■ **About this task**
After locating the line with "TOM TAILOR Damen" in the entries below, output it and each following line up to and including the line with "18k gold plated", exactly and without pictures.

■ **Supplied information**

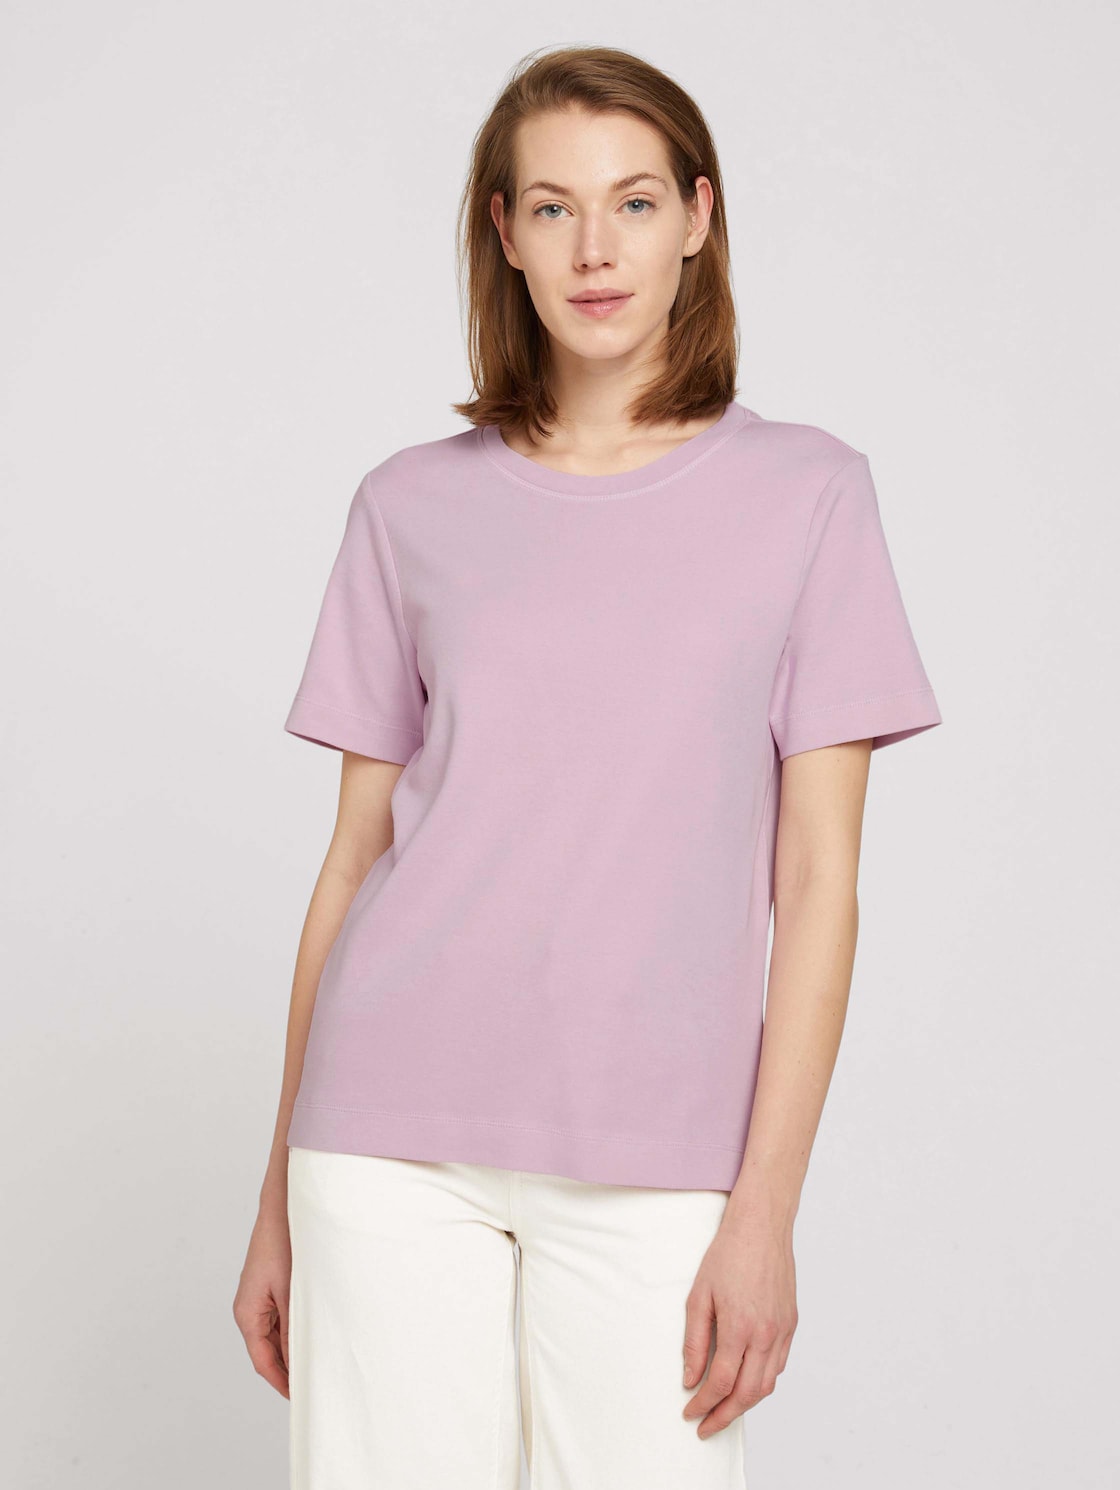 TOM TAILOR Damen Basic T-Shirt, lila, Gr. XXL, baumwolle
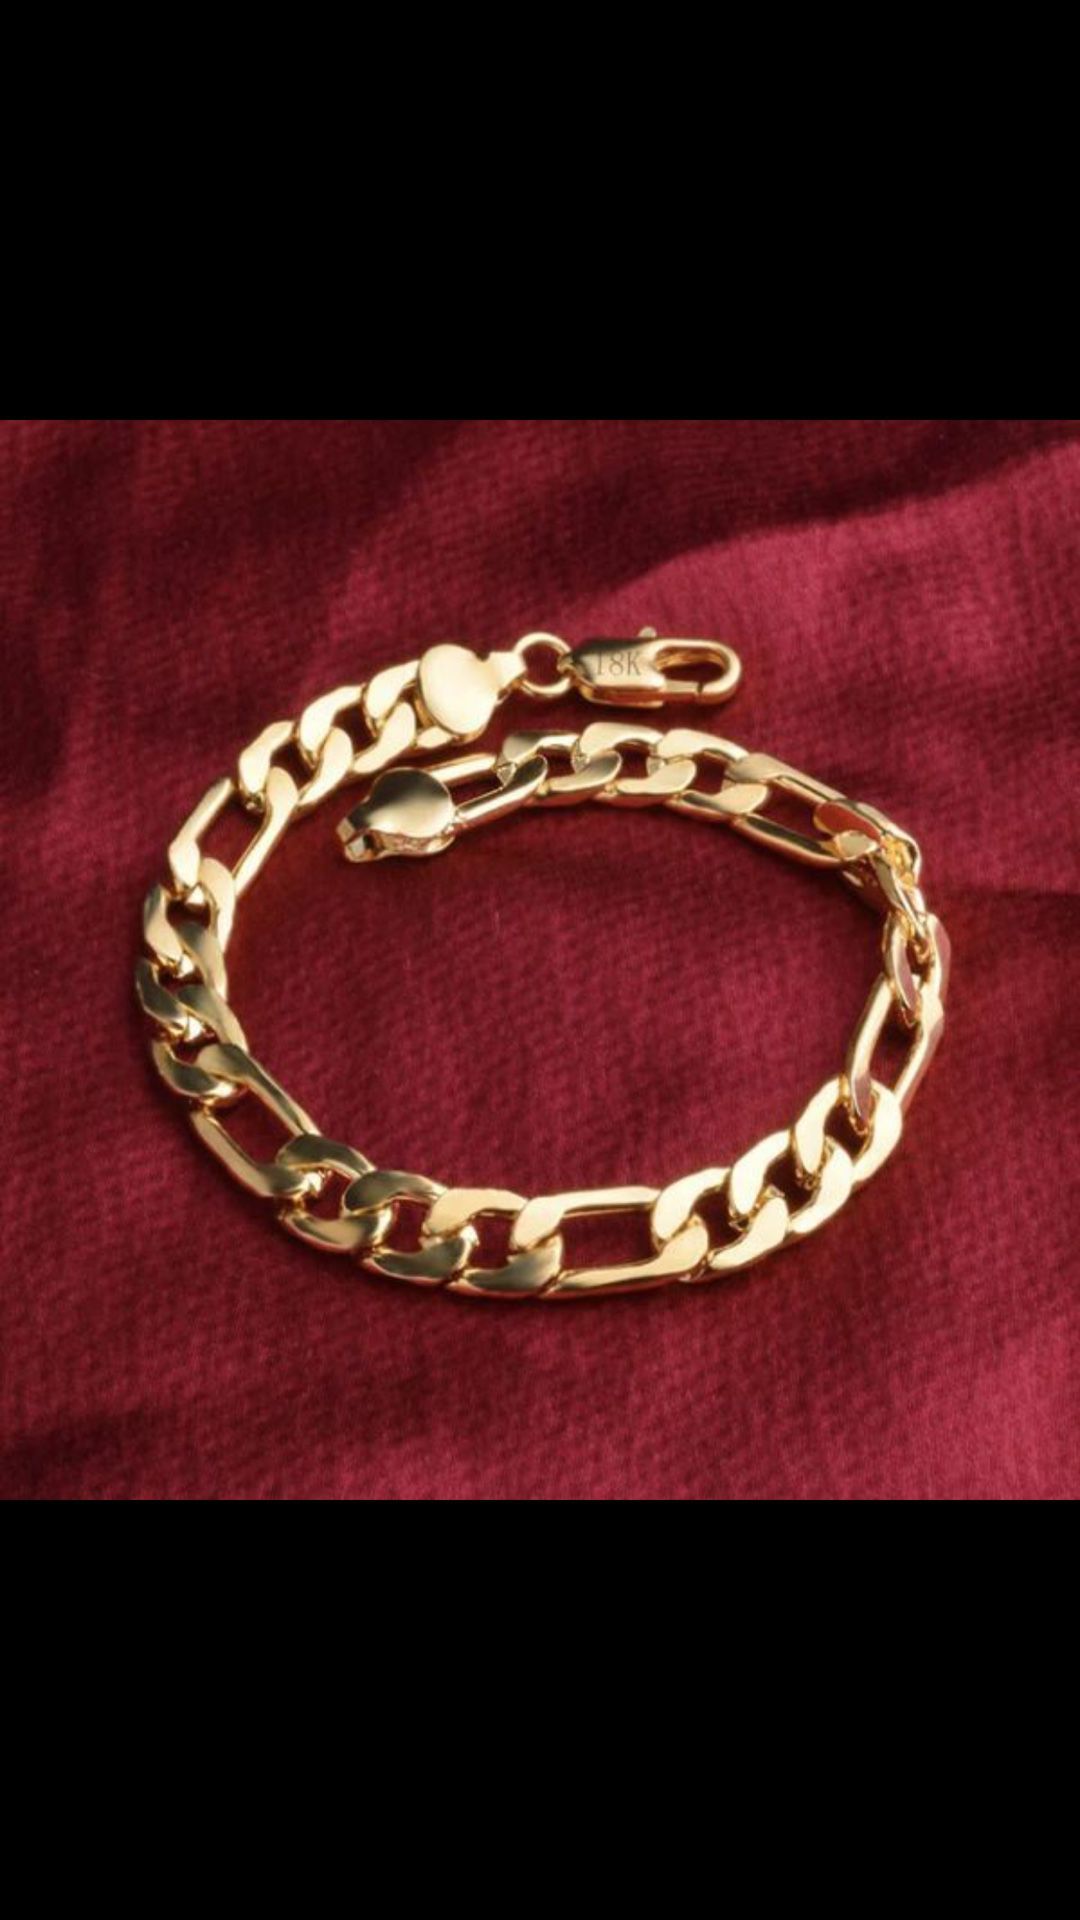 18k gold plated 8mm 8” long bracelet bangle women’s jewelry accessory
---
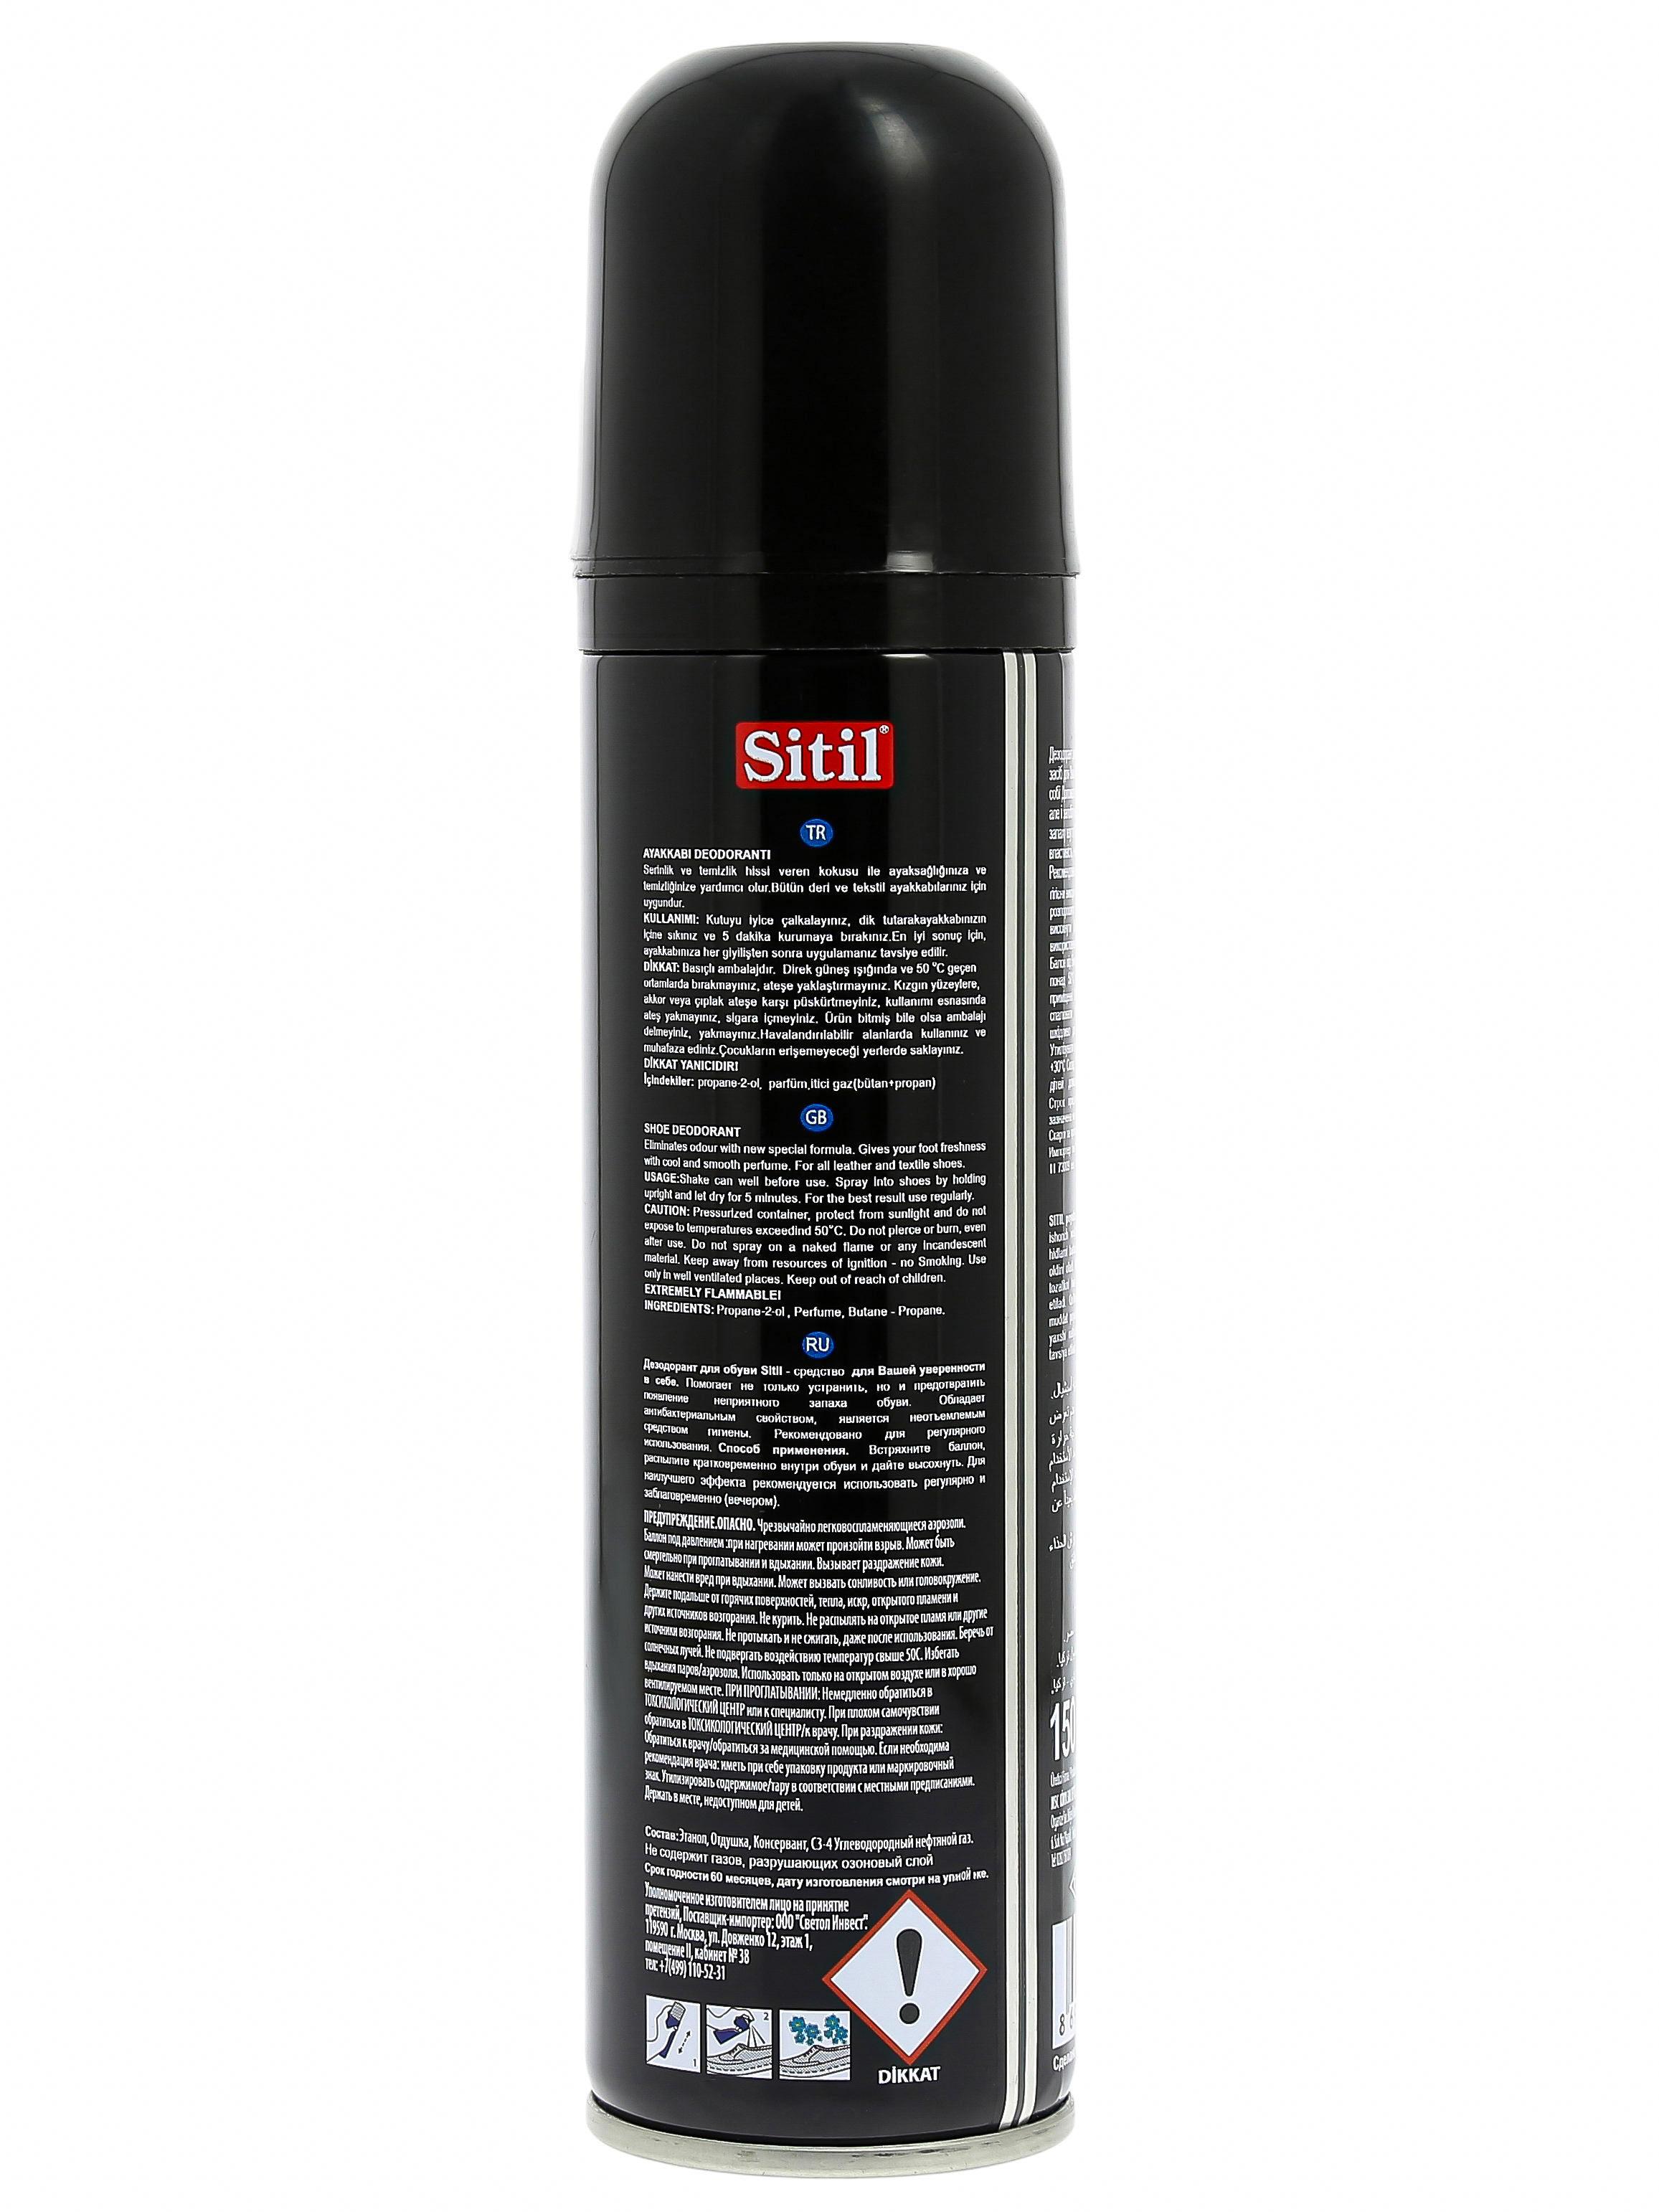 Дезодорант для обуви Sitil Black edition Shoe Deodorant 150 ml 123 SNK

■ **Problem solution**
 TOM TAILOR Damen Basic T-Shirt, lila, Gr. XXL, baumwolle
 18k gold plated 8mm 8” long bracelet bangle women’s jewelry accessory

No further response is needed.